Table of Contents
Fetching ...

FetalDiffusion: Pose-Controllable 3D Fetal MRI Synthesis with Conditional Diffusion Model

Molin Zhang, Polina Golland, Patricia Ellen Grant, Elfar Adalsteinsson

TL;DR

FetalDiffusion addresses motion artifacts in fetal MRI by synthesizing 3D fetal MRI with controllable poses using a pose-conditioned diffusion model. It conditions generation on a pose mask derived from 15 landmarks and limb regions via Pose Condition Blocks, and introduces an auxiliary pose-level loss to enforce pose-consistent synthesis. The approach yields high-fidelity synthetic data and enhances fetal pose estimation when real training data are scarce, reporting a notable 15.4% PCK improvement and 50.2% reduction in mean error, validated on a single 32 GB GPU. This work demonstrates data-efficient, motion-aware synthesis with practical implications for real-time fetal motion tracking.

Abstract

The quality of fetal MRI is significantly affected by unpredictable and substantial fetal motion, leading to the introduction of artifacts even when fast acquisition sequences are employed.
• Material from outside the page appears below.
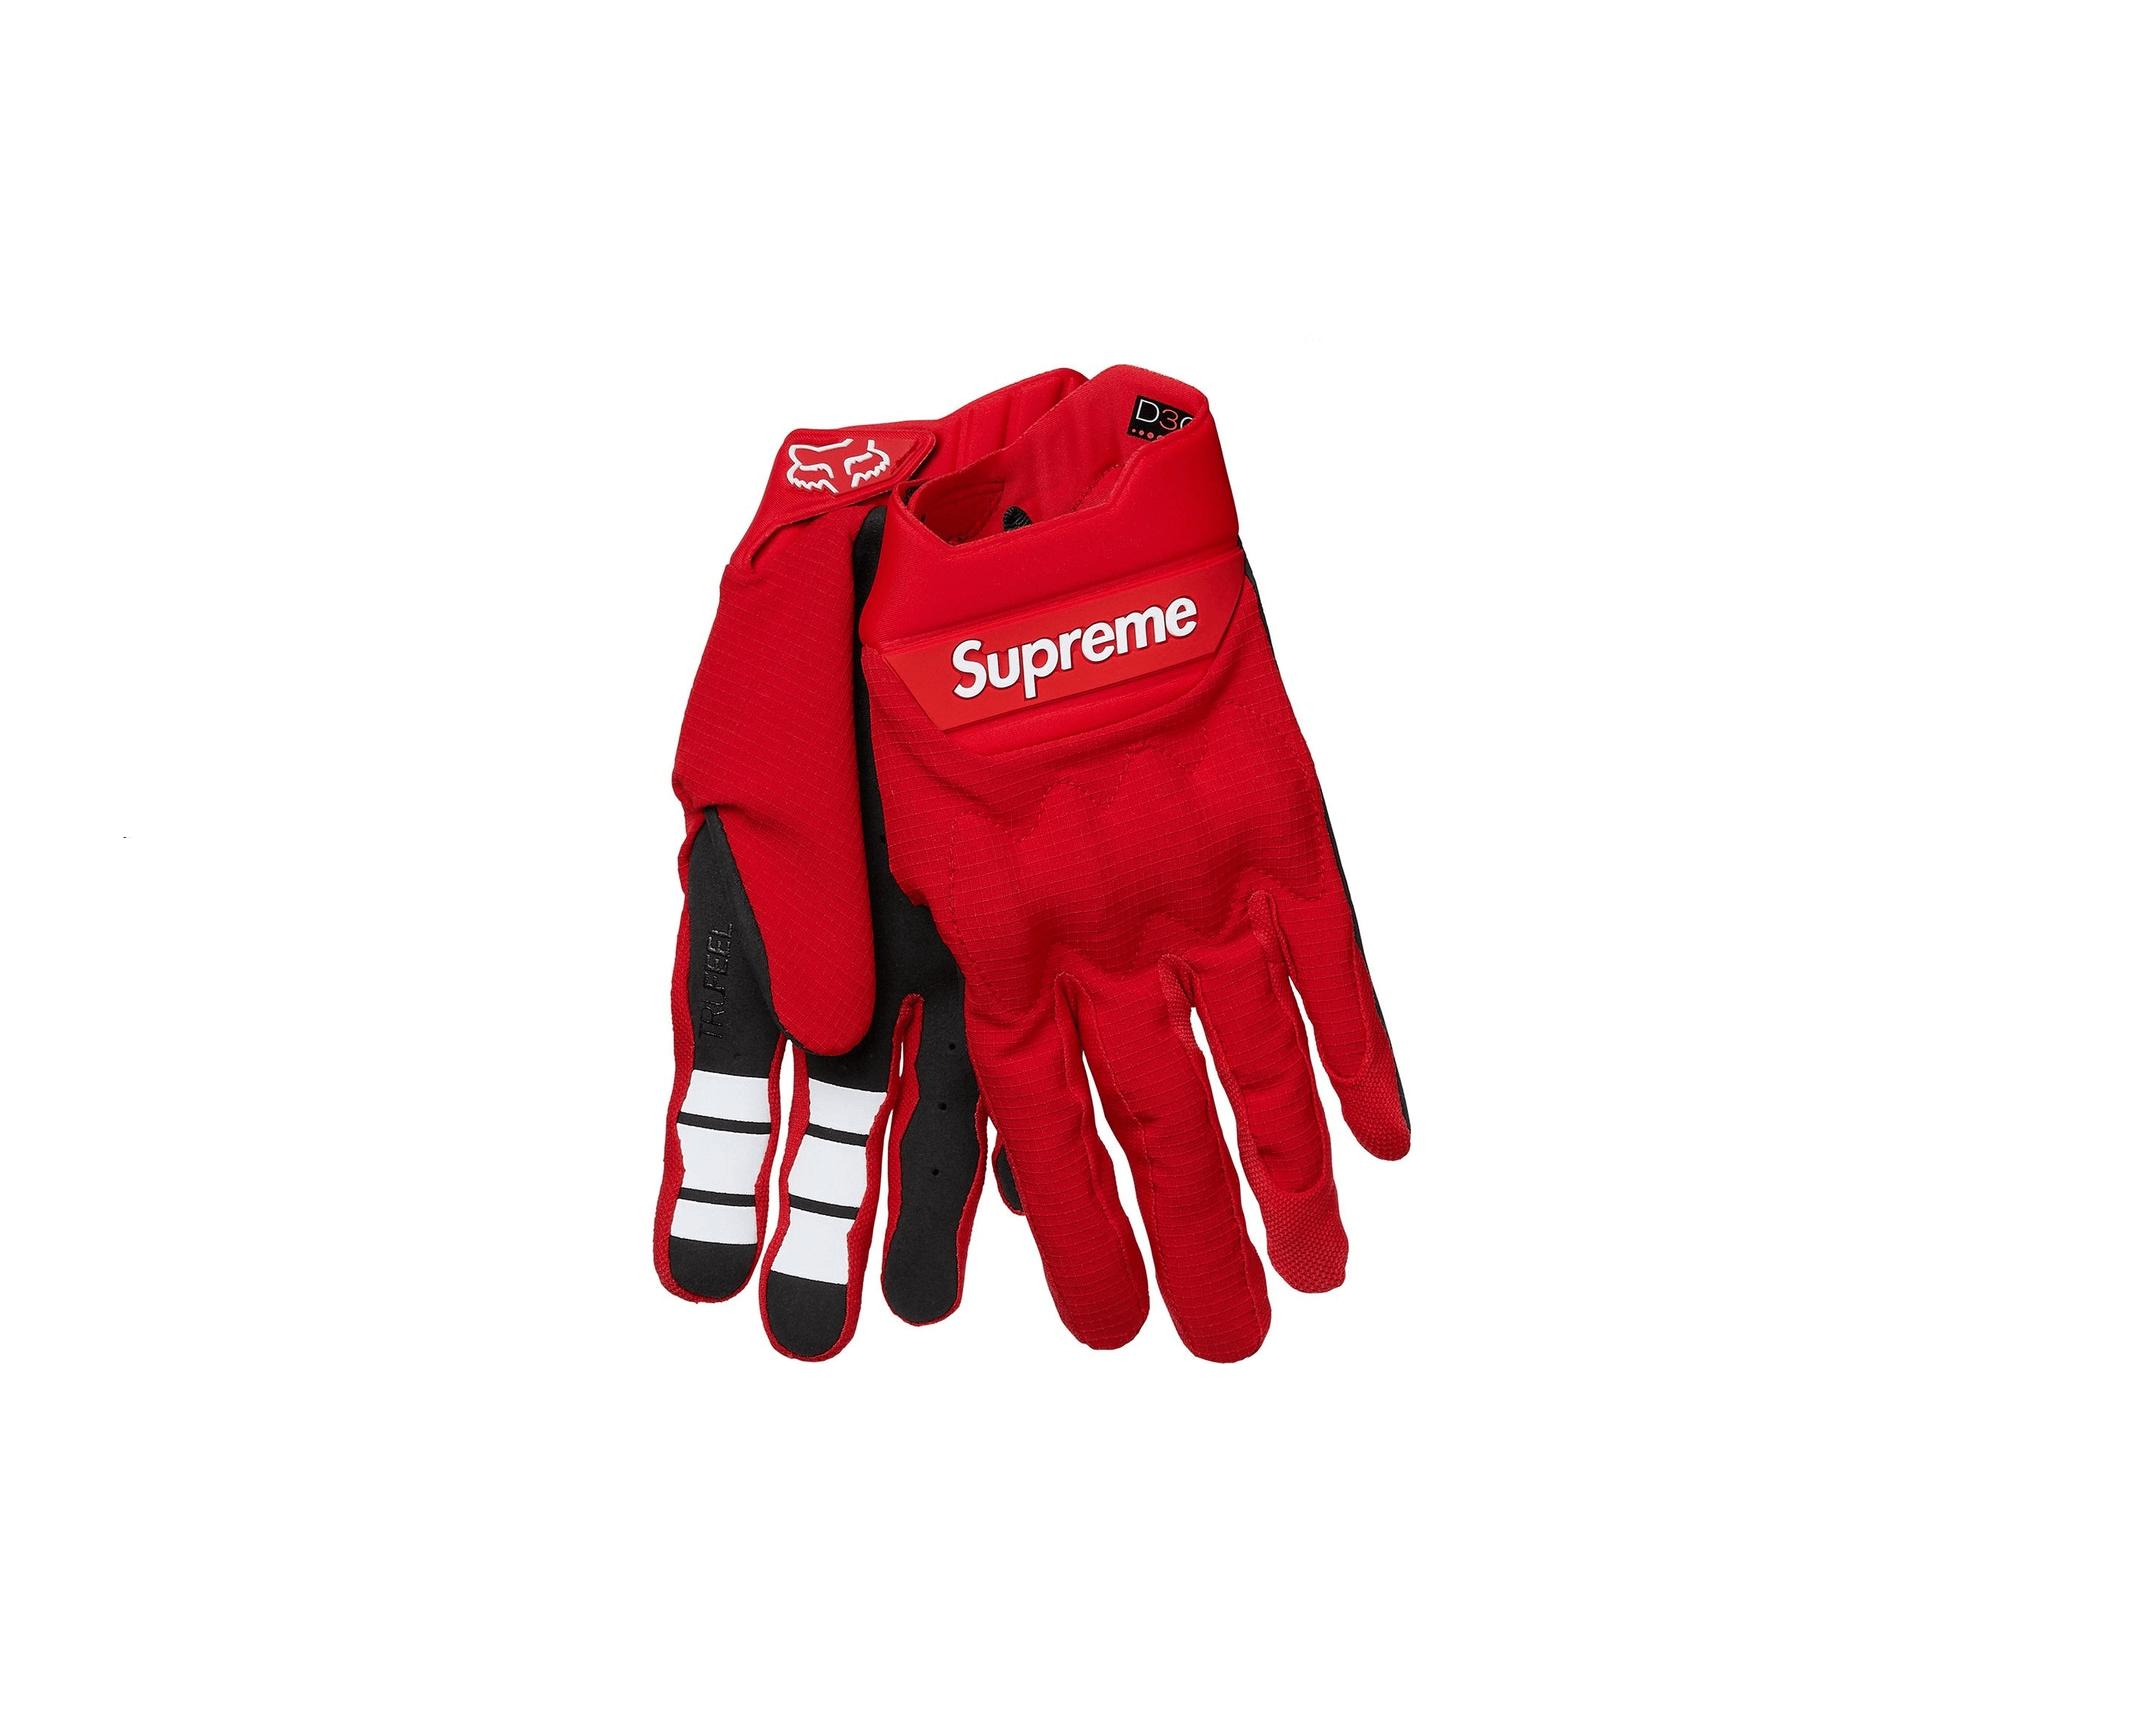 Supreme Fox Racing Gloves - Kerimago

The development of 3D real-time fetal pose estimation approaches on volumetric EPI fetal MRI opens up a promising avenue for fetal motion monitoring and prediction. Challenges arise in fetal pose estimation due to limited number of real scanned fetal MR training images, hindering model generalization when the acquired fetal MRI lacks adequate pose. In this study, we introduce FetalDiffusion, a novel approach utilizing a conditional diffusion model to generate 3D synthetic fetal MRI with controllable pose. Additionally, an auxiliary pose-level loss is adopted to enhance model performance. Our work demonstrates the success of this proposed model by producing high-quality synthetic fetal MRI images with accurate and recognizable fetal poses, comparing favorably with in-vivo real fetal MRI. Furthermore, we show that the integration of synthetic fetal MR images enhances the fetal pose estimation model's performance, particularly when the number of available real scanned data is limited resulting in 15.4% increase in PCK and 50.2% reduced in mean error. All experiments are done on a single 32GB V100 GPU. Our method holds promise for improving real-time tracking models, thereby addressing fetal motion issues more effectively.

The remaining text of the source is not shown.